Perhaps it helped then, that I watched the original Sicario just two days before. With the original fresh in my mind, I felt like I watched a very different sequel from many critics. Sicario 2 takes the pessimistic worldview of the first film and dives in even deeper, leaving behind Emily Blunt’s Kate Mercer as the one idealist we could root for. We’re left with the morally-ambiguous fixer Matt Graver (Josh Brolin) and revenge-fueled hitman Alejandro (Benecio Del Toro), off on a new mission to shake the hornet’s nest at the US/Mexican border.
The result isn’t some no-holds-barred wish fulfillment for the Call of Duty-crowd, but rather a continuation of the Sicario story that questions what happens when the Kate Mercers of the world are all scared away. If you thought Graver and Alejandro lacked morals, wait until you see who writes their paychecks.

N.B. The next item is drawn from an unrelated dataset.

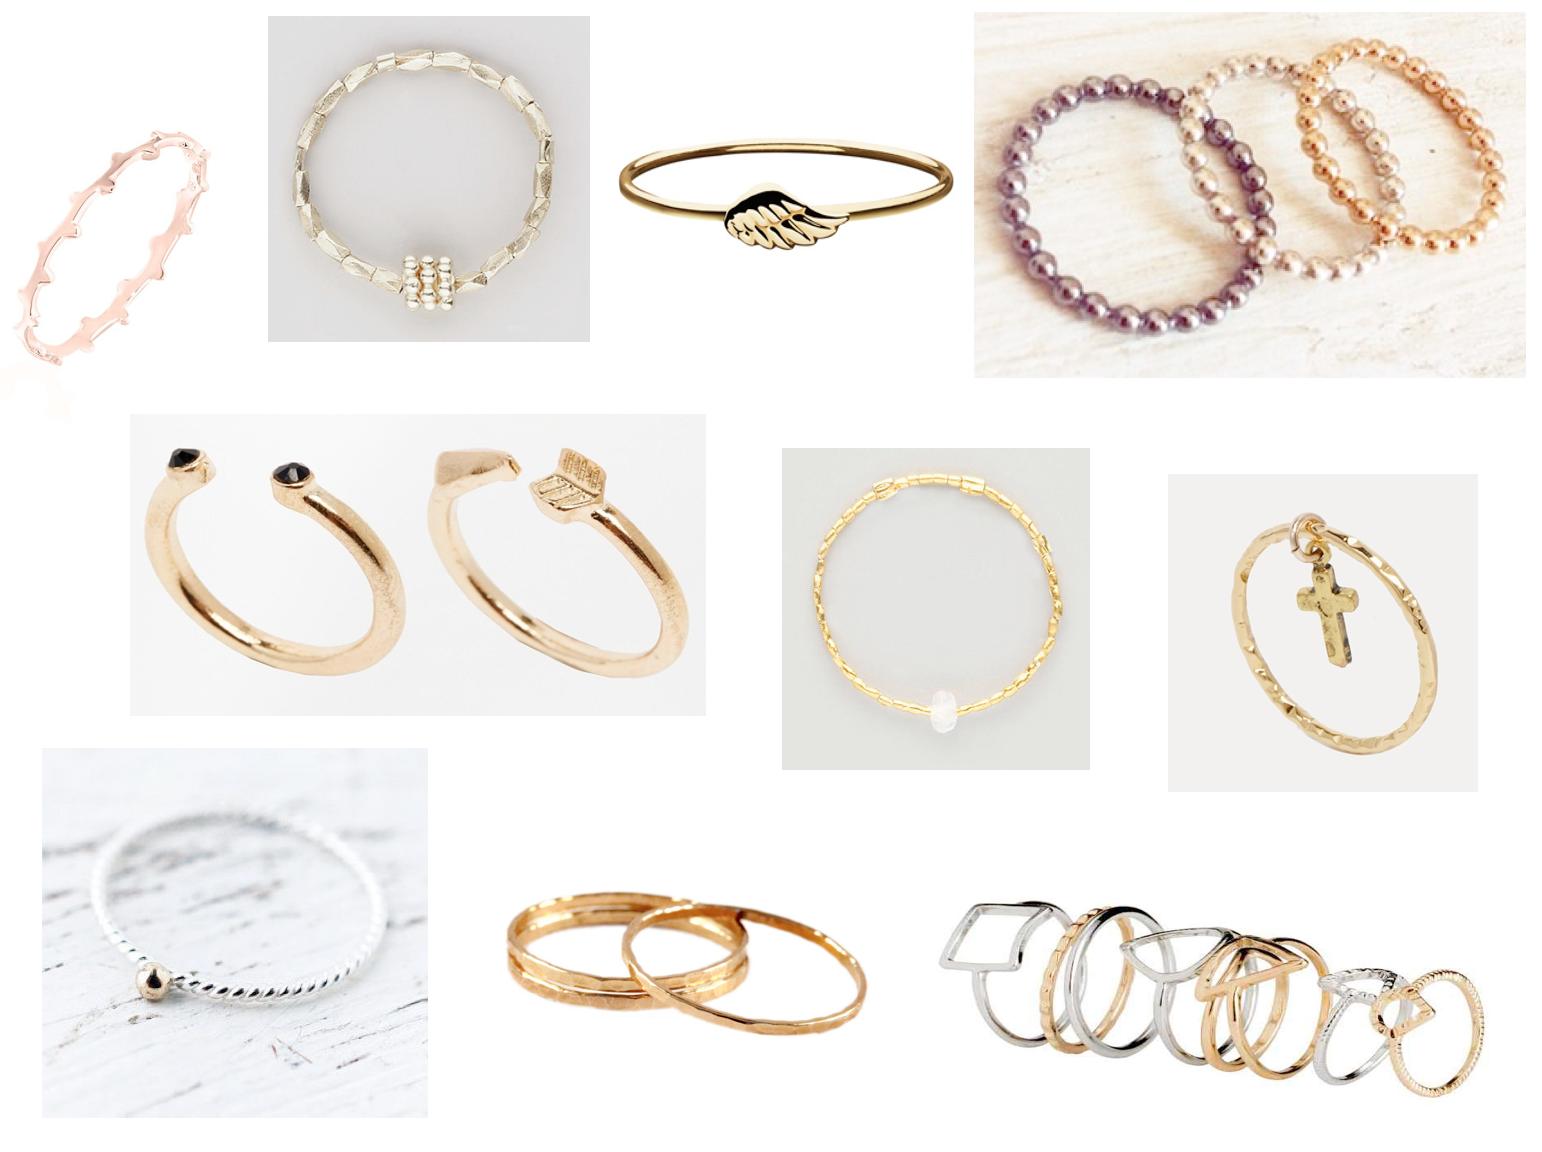 le blog d 39 anastasia tendance mode la bague de phalange fashion trend the knuckle ring. Black Bedroom Furniture Sets. Home Design Ideas
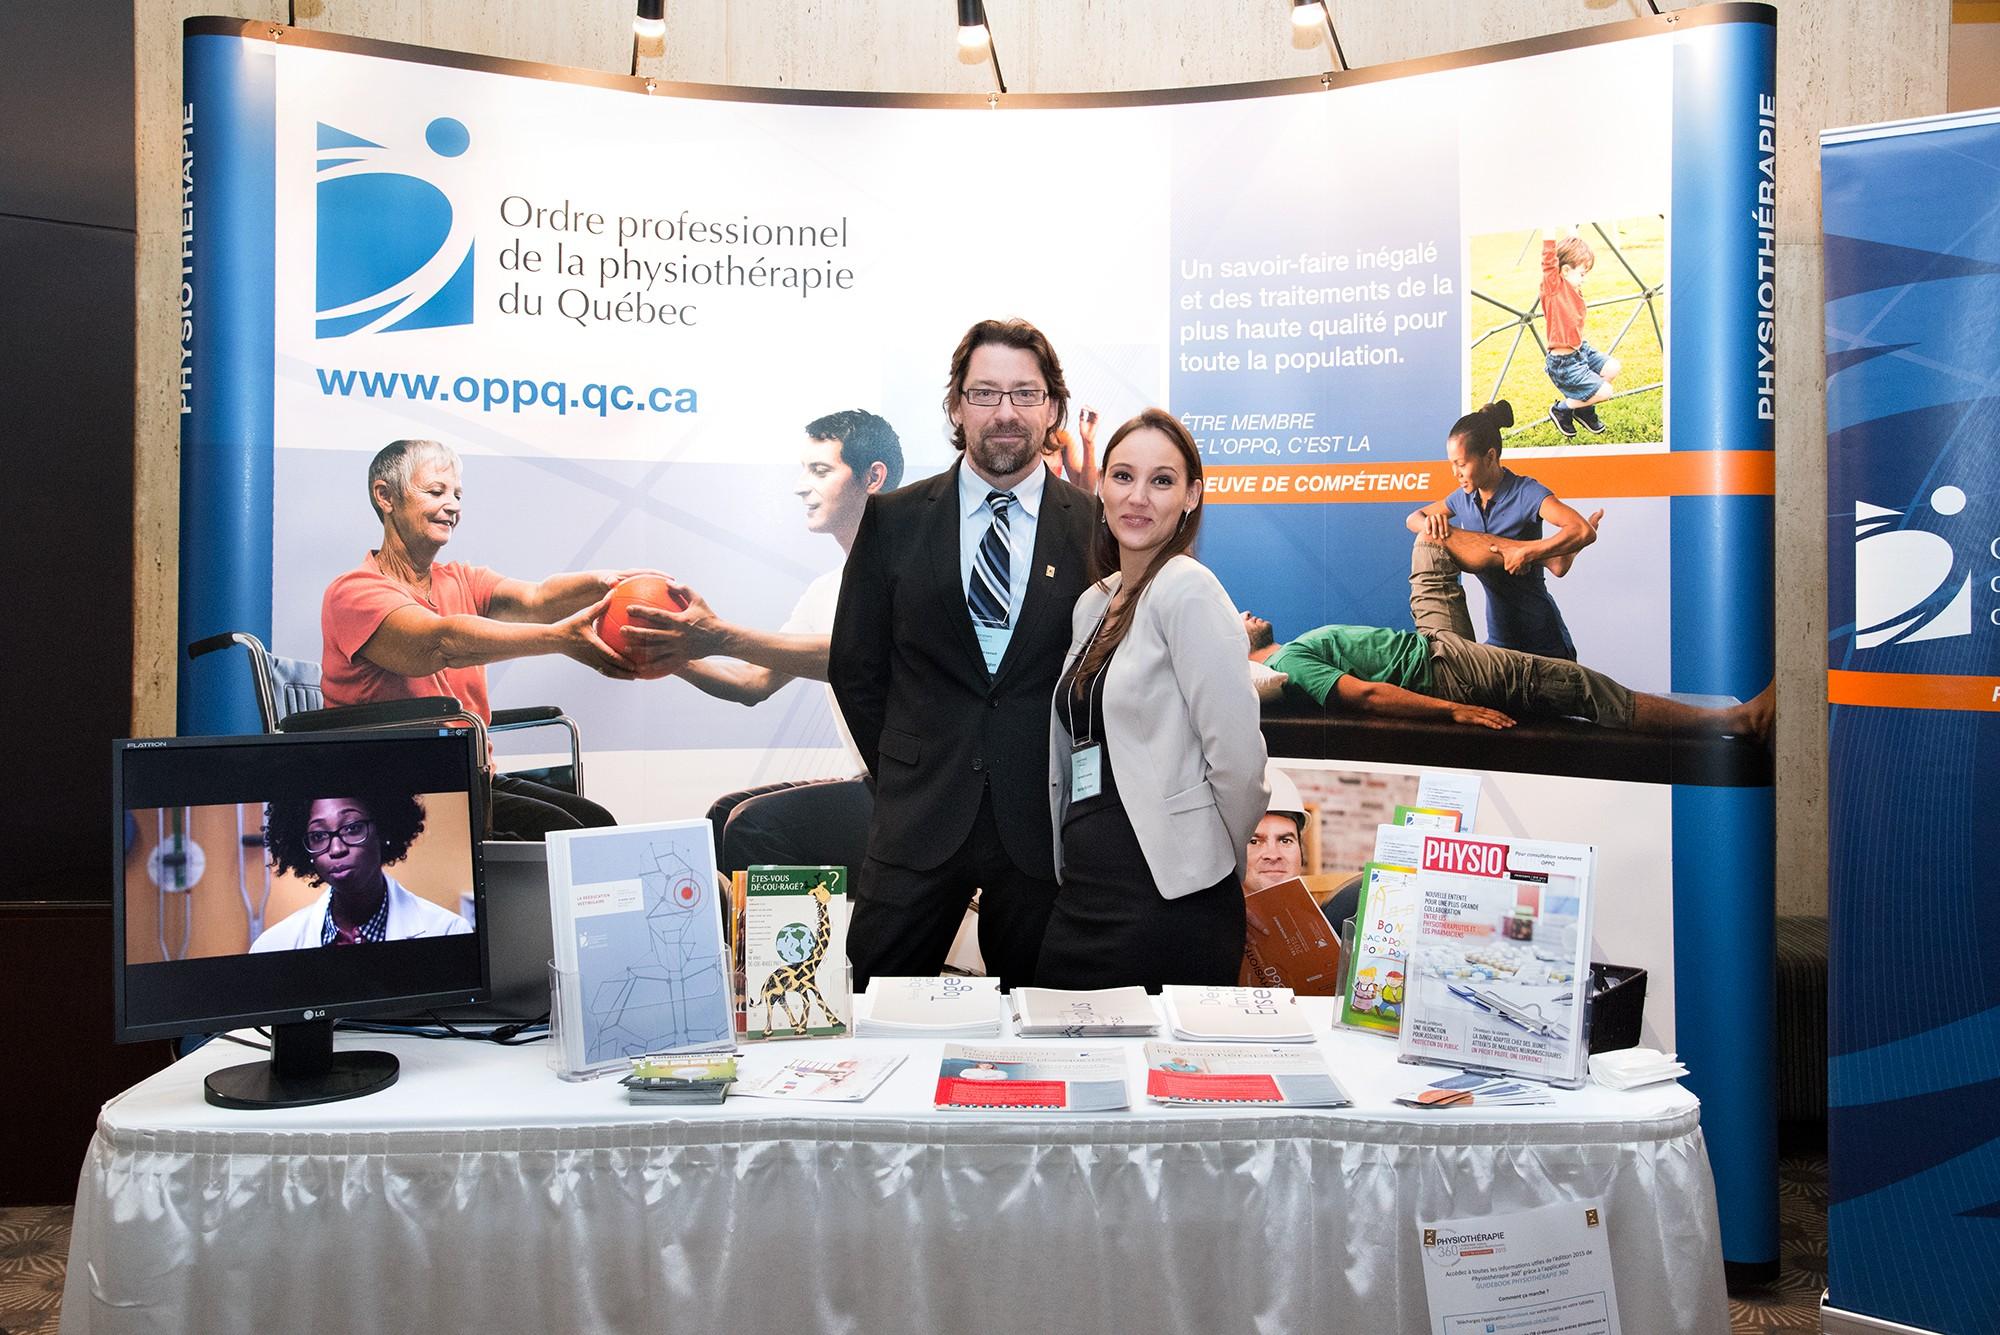 Représentants au kiosque d'un événement corporatif / Ordre professionnel de la physiothérapie du Québec

In a lot of ways, Sicario 2 is like the first film without the training wheels. That’s not to say it’s a more sophisticated movie, but without the audience surrogate of the first film, this story leaves judgement in the audience’s hands. It’s easy to suggest Sicario 2 glorifies the actions of Graver’s team — especially without Mercer there to shout otherwise — and that seems to be the primary criticism in many reviews.
My problem with this take is that it gives no credit to the creators and ignores the fact that this is a sequel. The first film establishes that Graver and his team operate above the law to stop drug cartels, and it condemns their actions through the main character. To literally wave a finger at them once more in the sequel would be redundant.
What’s worse, it feels like some looked to Sony’s marketing department for the film’s intent. Yes, “Sicario 2: Day of the Soldado” is a horrendously stupid name (writer Taylor Sheridan wanted to call it Soldado). Yes, the posters and ads for this film look like they were designed by your nephew, whose Xbox gamertag is xX_420-sh00t@-br0_Xx. But that didn’t change the fact that once the lights went out and the film started, all of that nonsense fell away for me. I was back in this world, and having just experienced it with the first Sicario two days earlier, it was obvious to me that Sicario 2 was not an endorsement of its characters’ actions, but a new challenge to their morality.
One last EXTREMELY SPOILER-FILLED thought…
…last warning!
There is a darkside ending to this film that I think I would have preferred to the trilogy-establishing ending we got. Had Alejandro been unceremoniously finished off and had Graver followed through with his clean-up duty, I think Sicario 2 would have been a much harder film to watch, but ultimately a more honest one. The two fake-outs were shot so that they could have really gone either way, and I wonder if Sheridan had originally intended to take the film in this direction.